Celliod-
I noticed your question about why global warming occurs. Since questions about the oil industry are best left in the capable hands of people like Rockman, I'll tackle your question about the environment (as that's more my specialty anyway). Basically, life on earth depends on greenhouse gases, like carbon dioxide, water vapor, and methane. Without them in the atmosphere, the planet surface would be, on average, more than 50 degrees colder than it is, and uninabitable by most life as we know it (just a few chemosynthesizers maybe, near oceanic vents). But we do indeed have the greenhouse gases, and they serve as insulators. Among all the different frequencies of radiation which the sun emits, ultraviolet strikes the surface of the earth, warms it up, and is re-radiated as lower-energy, lower-frequency infrared. The greenhouse gas molecules absorb this infrared and re-radiate it themselves, which effectively means, they reflect a portion (not all--they re-radiate some out toward space as well...and they also absorb the IR from the sun too--but their effect is a net positive on the earth's energy budget) back toward the surface of the earth. Basically, the more greenhouse gases--i.e. the higher the concentration is among the other gases--the more heat they help retain, and the warmer the planet gets.

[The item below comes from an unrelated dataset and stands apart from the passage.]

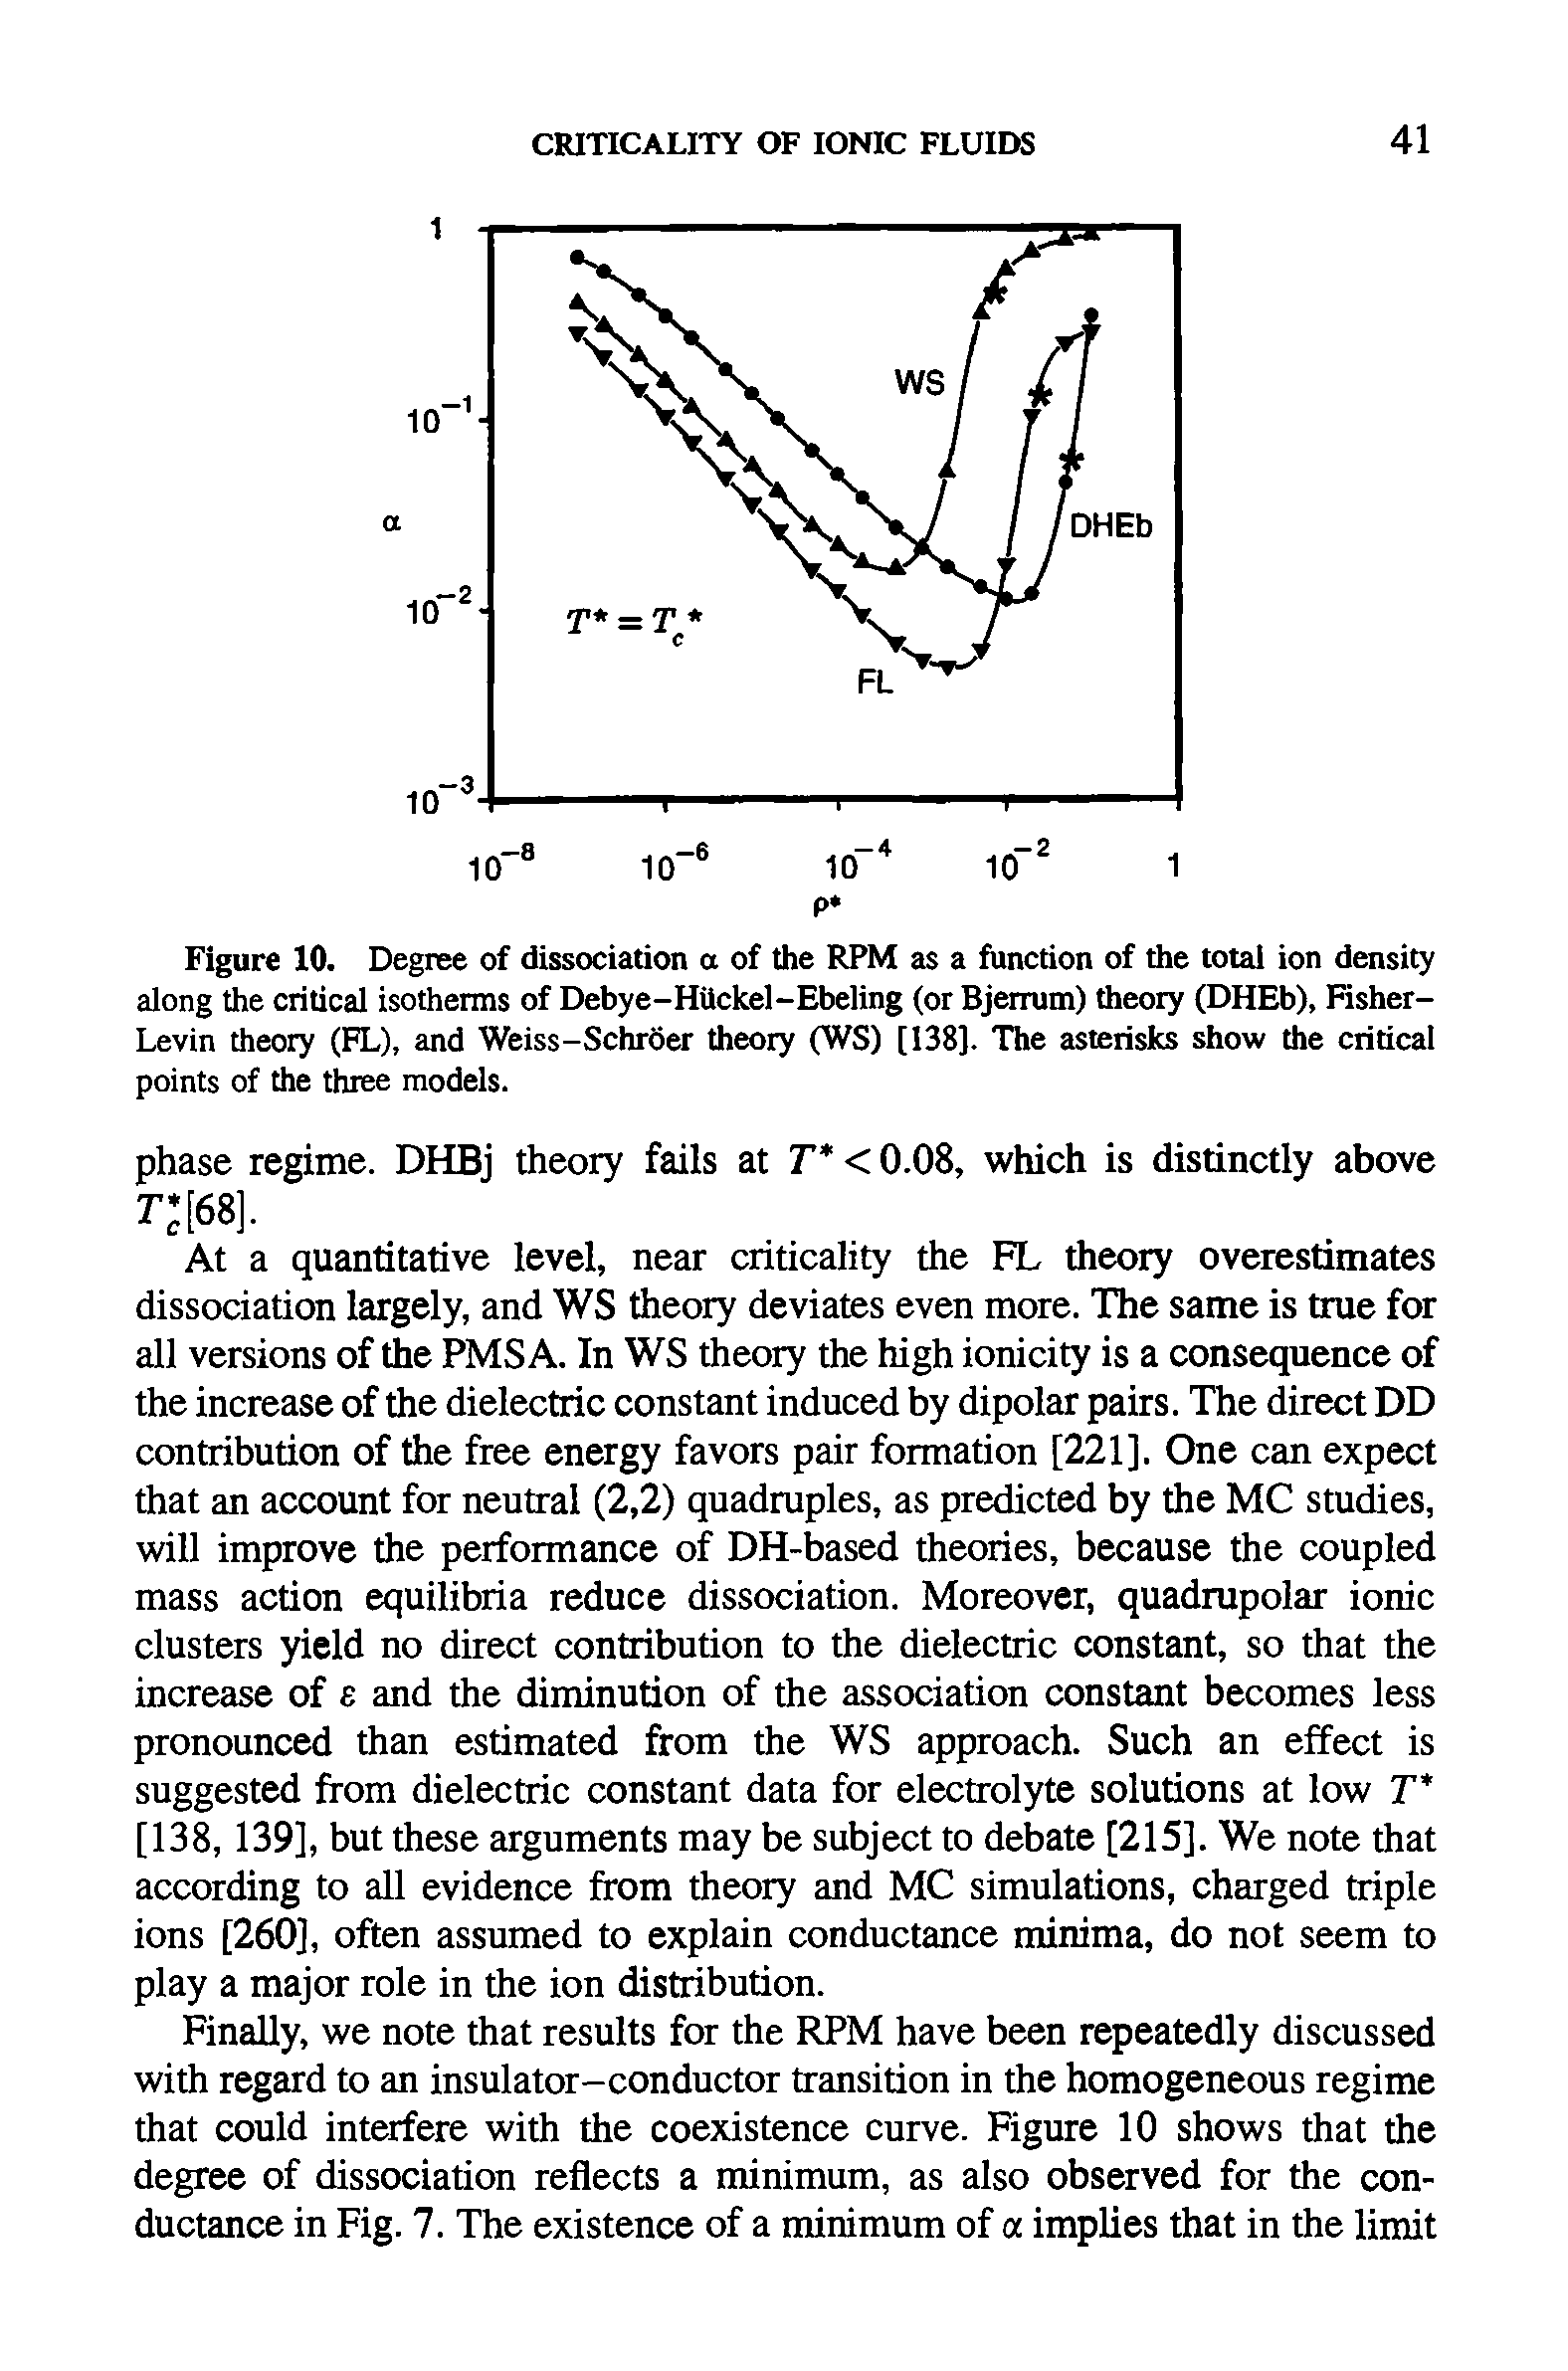 Figure 10. Degree of dissociation a of the RPM as a function of the total ion density along the critical isotherms of Debye-Httckel-Ebeling (or Bjerrum) theory (DHEb), Fisher-Levin theory (FL), and Weiss-Schroer theory (WS) [138]. The asterisks show the critical points of the three models.

Very warm periods in the earth's past, like the Cretaceous, from about 150 million to 65 years ago, featured dinosaurs, CO2 levels nearly four times what they are now, no polar ice caps, and a North American continent which was nearly 50% underwater, because of the Western Interior Seaway (the reason we have all those swell gas, oil and coal deposits running through the middle of our country). Carbon dioxide content matters. It has fluctuated widely during the planet's history, due to many causes, not all understood. One theory on the planet's biggest climate swings has to do with degree to which continents are plowing into each other and building mountains, which then chemically erode, removing CO2 from the atmosphere as they do, causing things to cool down. There's a decent-sized literature on orogenic climate theory.
Flash forward to now--we're burning all these organic compounds, releasing a lot of CO2 into the air, causing the atmosphere to retain more heat, most of which goes into the oceans. It's established fact that the world is quickly warming up. Overwhelming scientific consensus holds that humans are directly responsible. There are a lot of good sources of information about this on the web, but there's a lot of BS denialism too. The best source--thought not the easiest--is the Intergovernmental Panel on Climate Change, or IPCC. They've been rolling out their latest batch of reports over the last year or so. They're amazingly thorough, detailed, and long. But one I recommend to interested parties is the first installment, The Physical Science Basis. It lays out quite thoroughly the evidence behind climate change theory. It's not an easy read. For beginners, I recommend the Summary for Policymakers. If you want to invest 3-4 hours and stretch your brain a bit, try tackling the Technical Summary. It's an education in itself.